Whose story is it? Personalizing story generation by inferring author styles
- URL: http://arxiv.org/abs/2502.13028v1
- Date: Tue, 18 Feb 2025 16:45:41 GMT
- Title: Whose story is it? Personalizing story generation by inferring author styles
- Authors: Nischal Ashok Kumar, Chau Minh Pham, Mohit Iyyer, Andrew Lan,
- Abstract summary: We propose a novel two-stage pipeline for personalized story generation.
Our approach infers an author's implicit story-writing characteristics from their past work and organizes them into an Author Writing Sheet.
The second stage uses this sheet to simulate the author's persona through tailored persona descriptions and personalized story writing rules.
- Score: 30.264355446431363
- License:
- Abstract: Personalization has become essential for improving user experience in interactive writing and educational applications, yet its potential in story generation remains largely unexplored.
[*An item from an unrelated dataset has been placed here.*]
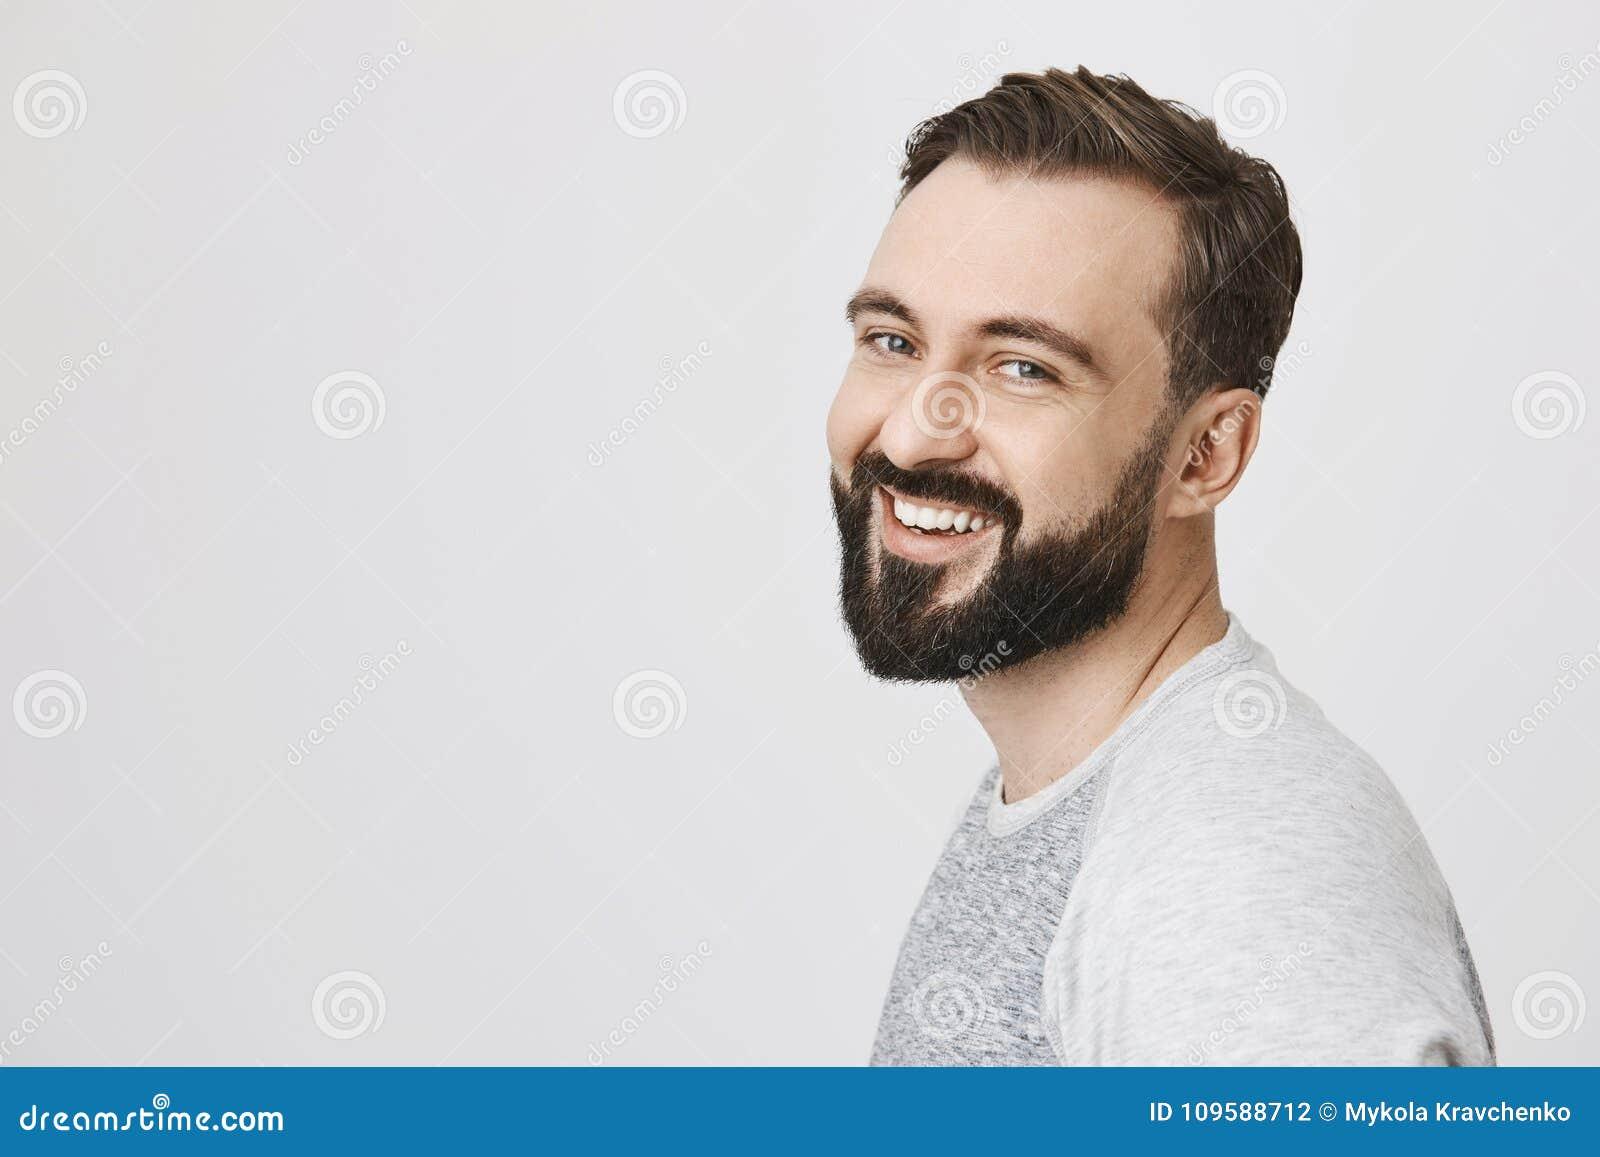 Портрет привлекательного молодого взрослого человека с бородой и усиком окантовал камеру, выражая счастье, пока стоящ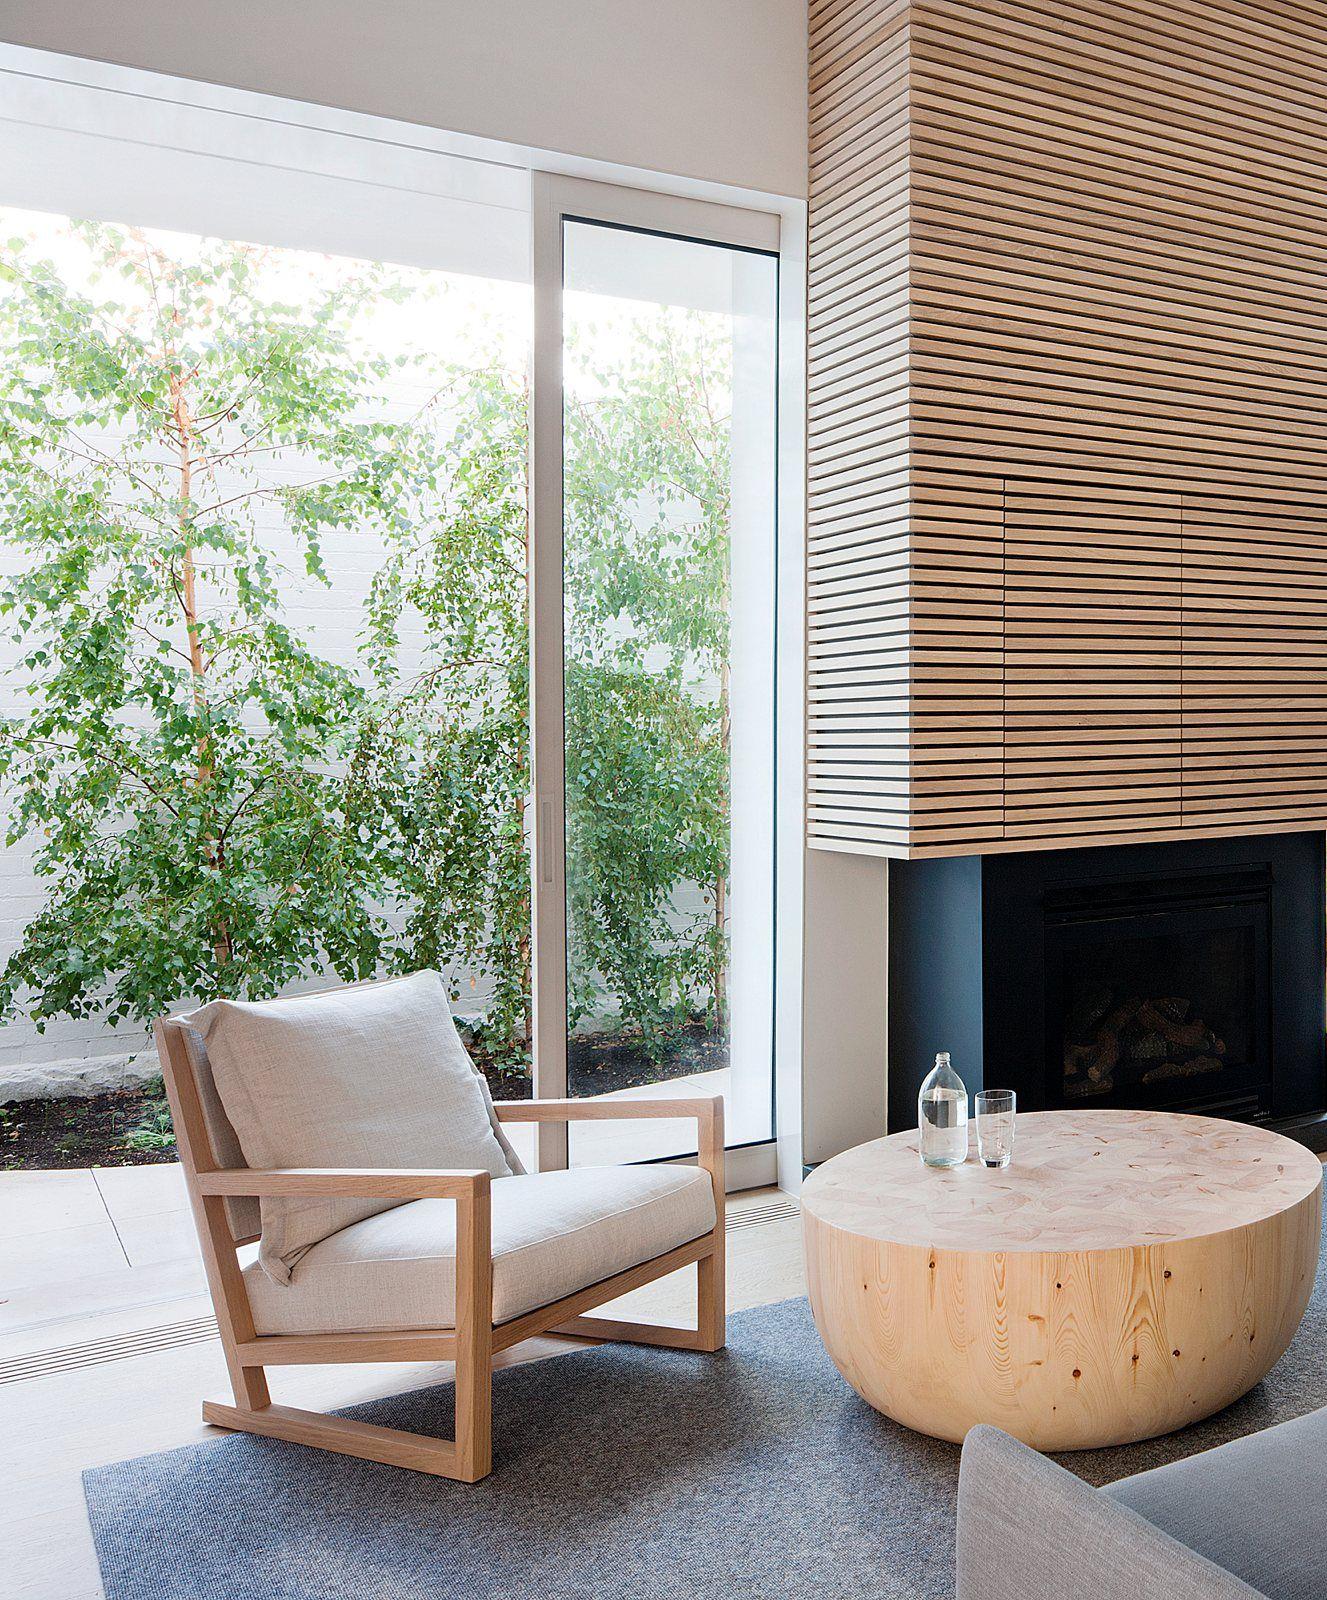 sydney prix australien du design d 39 int rieur 2015 pour cet int rieur pinterest sydney. Black Bedroom Furniture Sets. Home Design Ideas

In this work, we propose a novel two-stage pipeline for personalized story generation. Our approach first infers an author's implicit story-writing characteristics from their past work and organizes them into an Author Writing Sheet, inspired by narrative theory. The second stage uses this sheet to simulate the author's persona through tailored persona descriptions and personalized story writing rules. To enable and validate our approach, we construct Mythos, a dataset of 590 stories from 64 authors across five distinct sources that reflect diverse story-writing settings. A head-to-head comparison with a non-personalized baseline demonstrates our pipeline's effectiveness in generating high-quality personalized stories. Our personalized stories achieve a 75 percent win rate (versus 14 percent for the baseline and 11 percent ties) in capturing authors' writing style based on their past works. Human evaluation highlights the high quality of our Author Writing Sheet and provides valuable insights into the personalized story generation task. Notable takeaways are that writings from certain sources, such as Reddit, are easier to personalize than others, like AO3, while narrative aspects, like Creativity and Language Use, are easier to personalize than others, like Plot.